Essential entities face fines of up to €10 million or 2% of global annual turnover, whichever is higher. Important entities face up to €7 million or 1.4% of global annual turnover. National authorities apply proportionality, but identity management failures — missing MFA, unmanaged accounts, absent audit logs — are explicitly flagged as priority enforcement areas for 2026.

How does a password manager help with NIS2 compliance?

A corporate password manager addresses the evidence gap that causes most compliance failures. It provides centralized access control records, immutable activity logs, and automated credential security analysis — the three categories of documentation that NIS2 auditors require. A self-hosted solution like Passwork keeps all credential data within your own infrastructure, satisfying both NIS2 access control requirements and data residency obligations.

What is the difference between essential and important entities under NIS2?

Essential entities are large organizations in high-criticality sectors listed in Annex I of the directive — energy, banking, healthcare, digital infrastructure, transport, and water. They face proactive supervision with regular audits. Important entities cover Annex II sectors including postal services, food production, and waste management, and are monitored reactively. Both categories must meet identical technical requirements under Article 21.
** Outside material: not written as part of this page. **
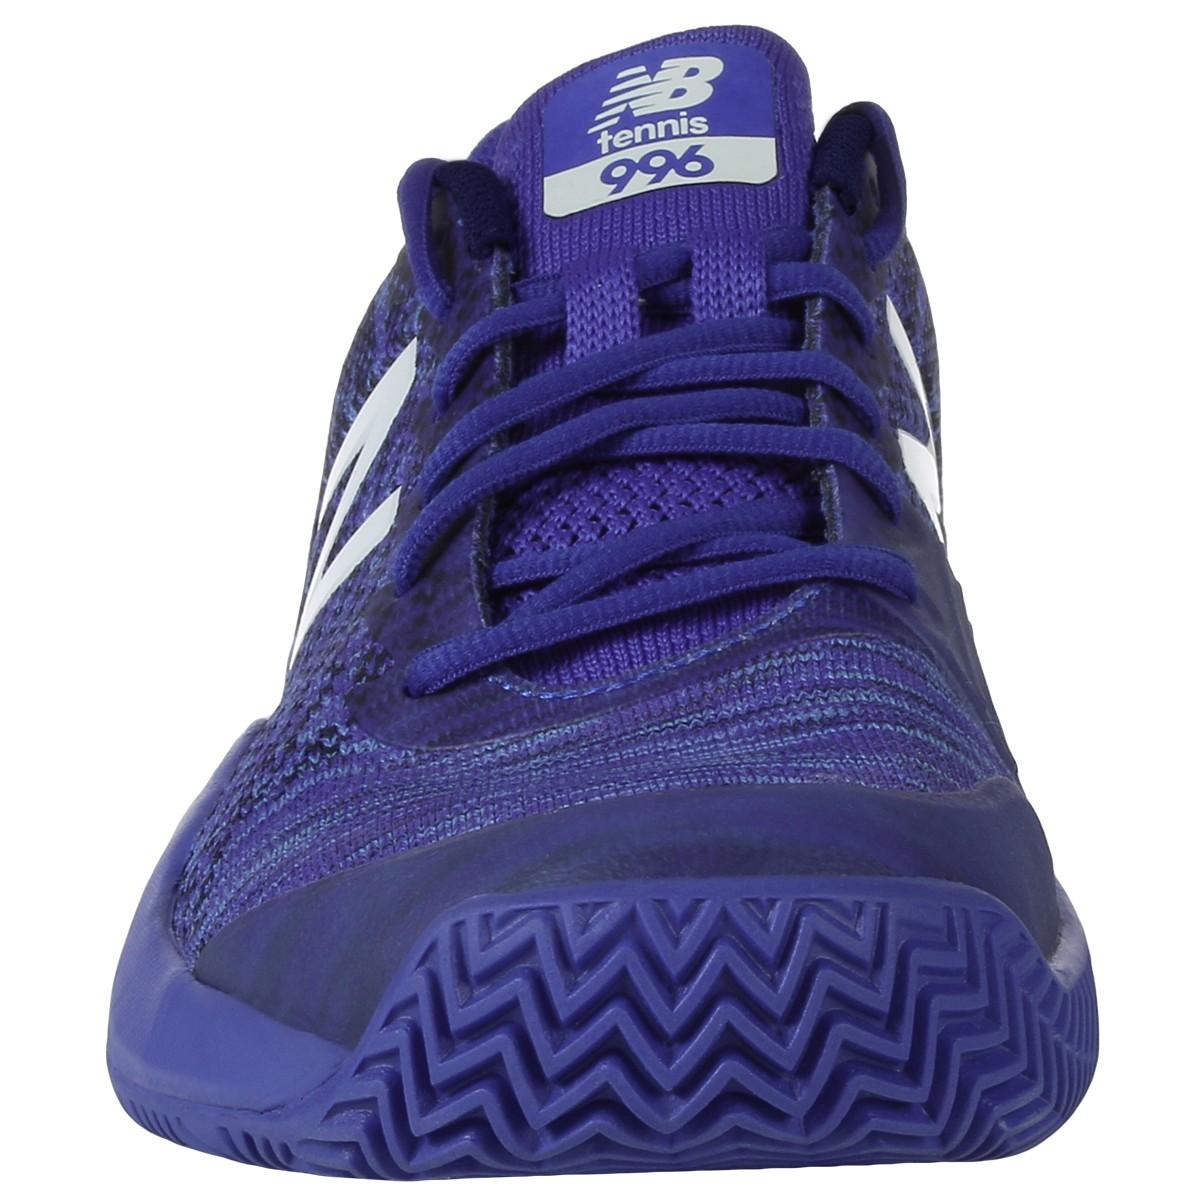 Chaussures New Balance Femme 996 V3 All Court
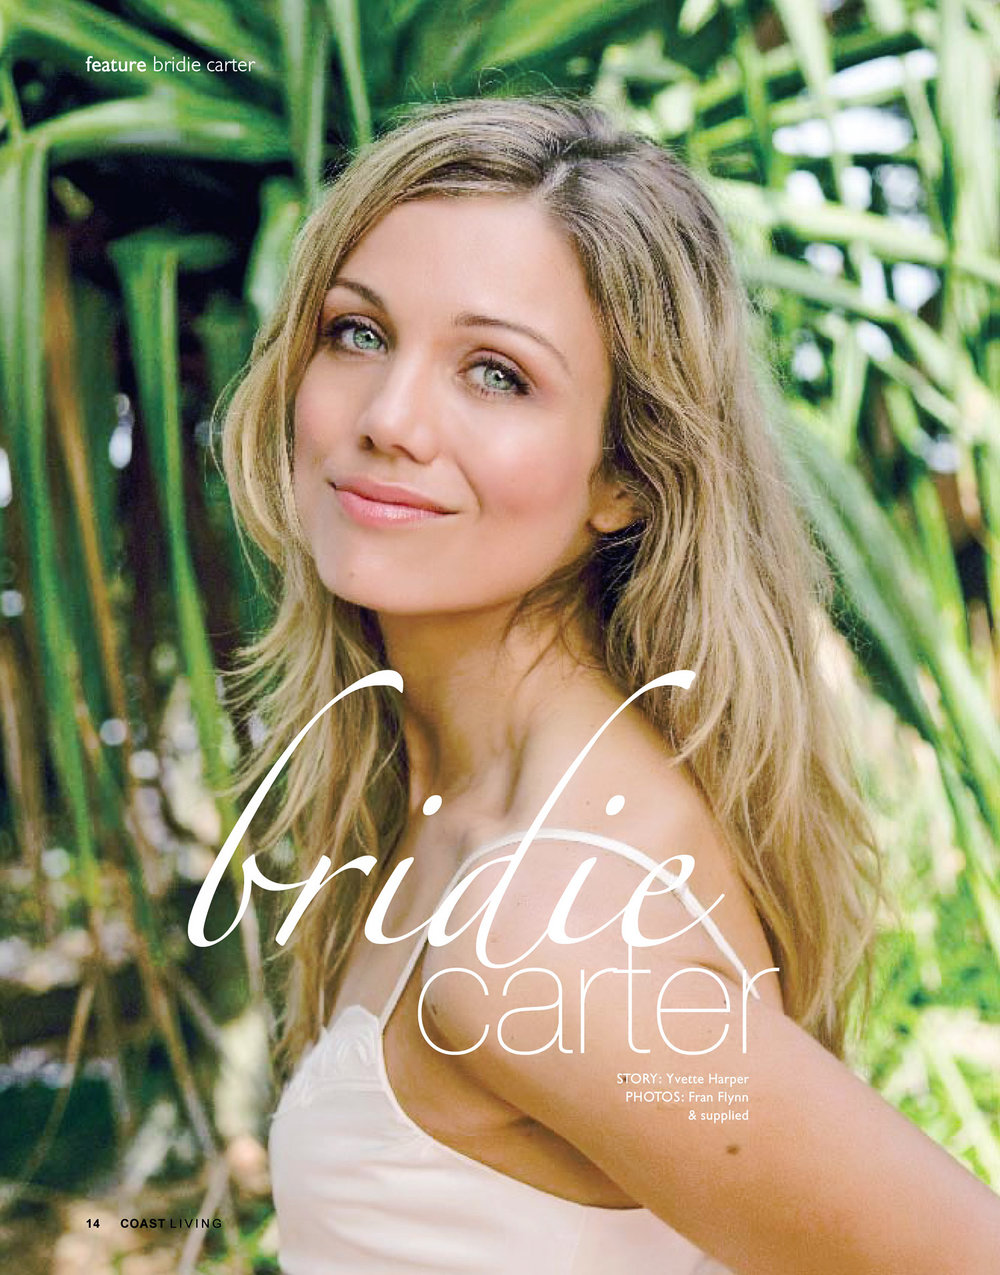 BRIDIE CARTER FOR COAST LIVING MAGAZINE>>

What password length does NIS2 require?

NIS2 does not specify a password length directly — it requires measures aligned with "the state of the art" and relevant standards. The applicable standard is NIST SP 800-63B (2025 revision), which sets a 15-character minimum when a memorized secret is used as the sole authenticator. For accounts protected by MFA, a shorter minimum may be acceptable, but 15 characters remains the recommended baseline for all accounts.